As of this writing, the rule set was “modsecurity-core-rules_2.5-1.6.1.tar.gz”, you may need to adjust accordingly as new rules are released.
sudo mkdir /etc/apache2/conf.d/modsecurity
cd /etc/apache2/conf.d/modsecurity
sudo wget http://www.modsecurity.org/download/modsecurity-core-rules_2.5-1.6.1.tar.gz
sudo tar xzvf modsecurity-core-rules_2.5-1.6.1.tar.gz
sudo rm CHANGELOG LICENSE README modsecurity-core-rules_2.5-1.6.1.tar.gz


Enable mod_security:

sudo a2enmod mod-security
Now restart Apache
That’s it :)

Testing mod_security

“Secure” Example 1 – curl
bodhi@home# curl -i http://ubuntuVPS
HTTP/1.1 200 OK
Date: Tue, 28 Apr 2009 22:44:42 GMT
Server: Apache/2.2.0 (Fedora)
Last-Modified: Tue, 28 Apr 2009 21:39:54 GMT
ETag: "50d4a-2d-468a44dadbe80"
Accept-Ranges: bytes
Content-Length: 45
Vary: Accept-Encoding
Content-Type: text/html
< html>< body>< h1>It works!< /h1>< /body>< /html>

Look no more server or php information (Fedora apache 2.2.0 , LOL !!! )

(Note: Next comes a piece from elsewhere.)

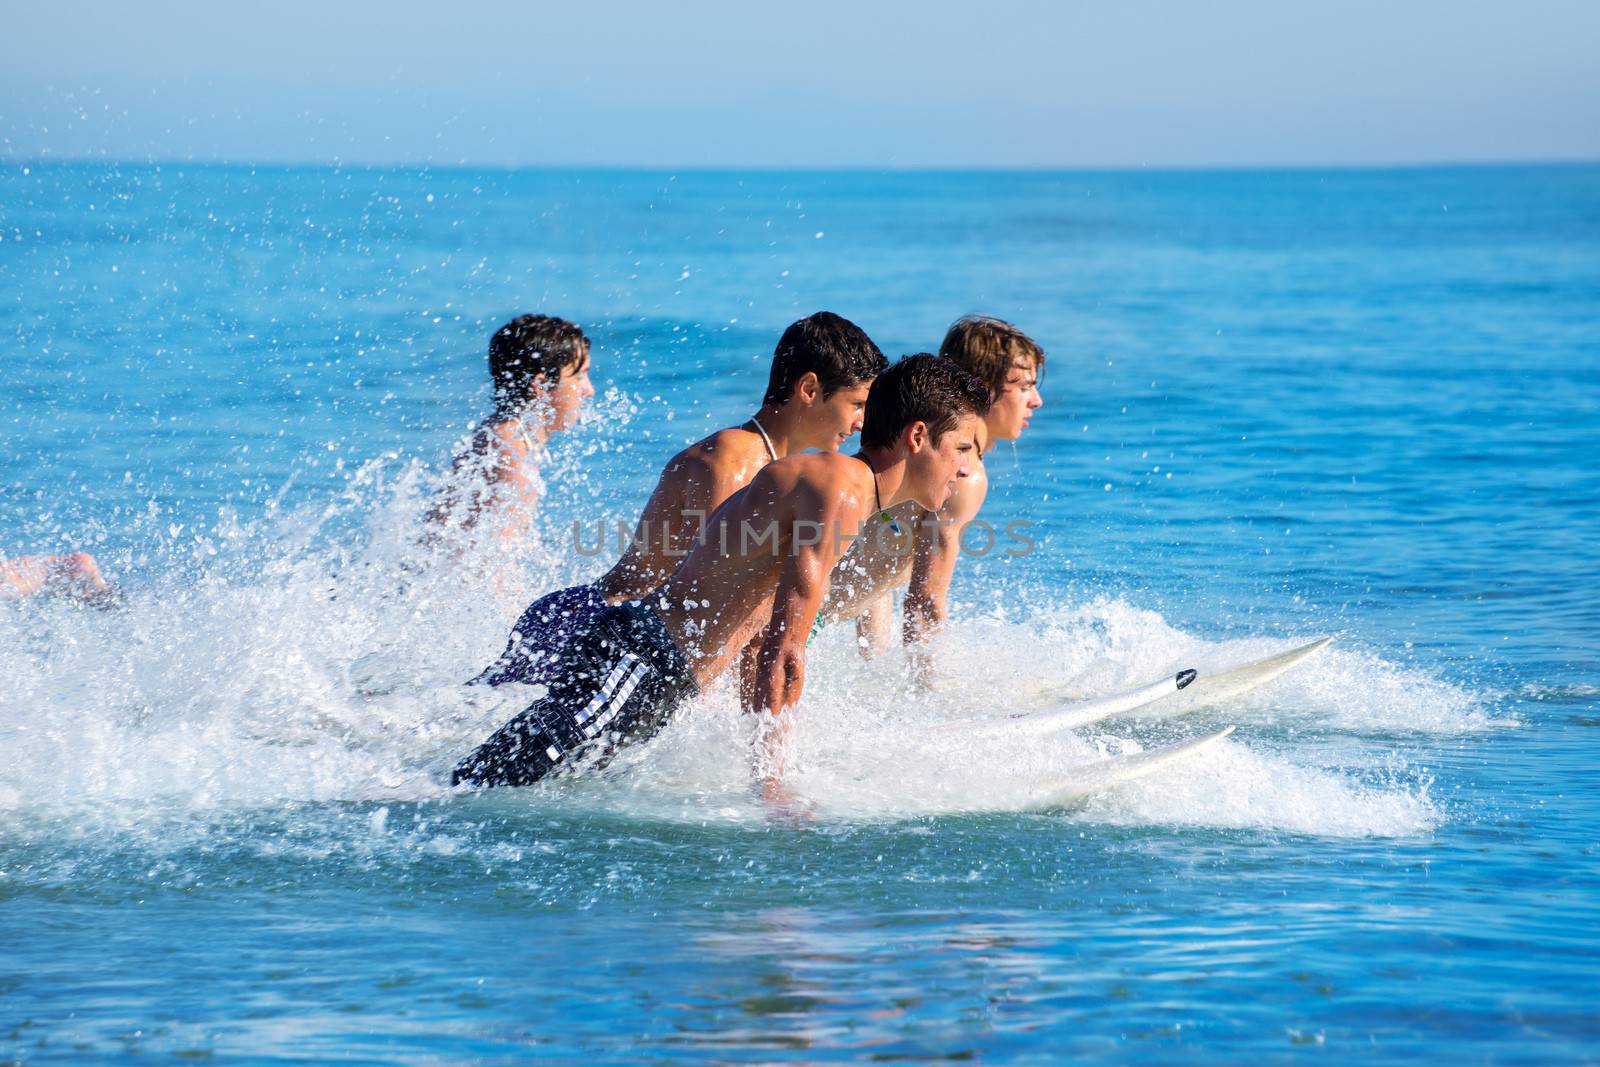 Boys teen surfers surfing running jumping on surfboards at the beach

“Secure” Example 2 – bad .php
bodhi@home# curl -i "http://ubuntuVPS/insecure.php?secret_file=/etc/passwd"
HTTP/1.1 501 Method Not Implemented
Date: Tue, 28 Apr 2009 22:47:38 GMT
Server: Apache/2.2.0 (Fedora)
Allow: TRACE
Vary: Accept-Encoding
Content-Length: 291
Connection: close
Content-Type: text/html; charset=iso-8859-1
< !DOCTYPE HTML PUBLIC "-//IETF//DTD HTML 2.0//EN">
< html>< head>
< title>501 Method Not Implemented< /title>
< /head>< body>
< h1>Method Not Implemented< /h1>
< p>GET to /insecure.php not supported.< br />
< /p>
< hr>
< address>Apache/2.2.0 (Fedora) Server at ubuntuvps Port 80< /address>
< /body>< /html>

Looks like this in your browser:
"501 Method Not Implemented
Method Not Implemented"
GET to /insecure.php not supported.Apache/2.2.0 (Fedora) Server at ubuntuvps Port 80
Ah 501 Error looks much better then the contents of /etc/passwd :)
Where to go from here ?

1. Monitor your logs :
tail /var/log/apache2/mod_security/modsec_audit.log
 
2. Learn / edit your mod_security rules : ModSecurity Reference Manual

3. Delete bad.php, LOL
sudo rm -rf /var/www/insecure.php

I hope you enjoyed and learned from this tutorial :)

Reference:
"This is just a copy cat of the post from http://blog.bodhizazen.net/linux/how-to-mod_security-ubuntu-904/
All credit should go to the respective author. I tried the method in Ubuntu 10.10 and it works fine."

Note:-
Some of the rules may deny the access to you applications (eg: phpmyadmin/drupal etc). Test the rules well before you implement.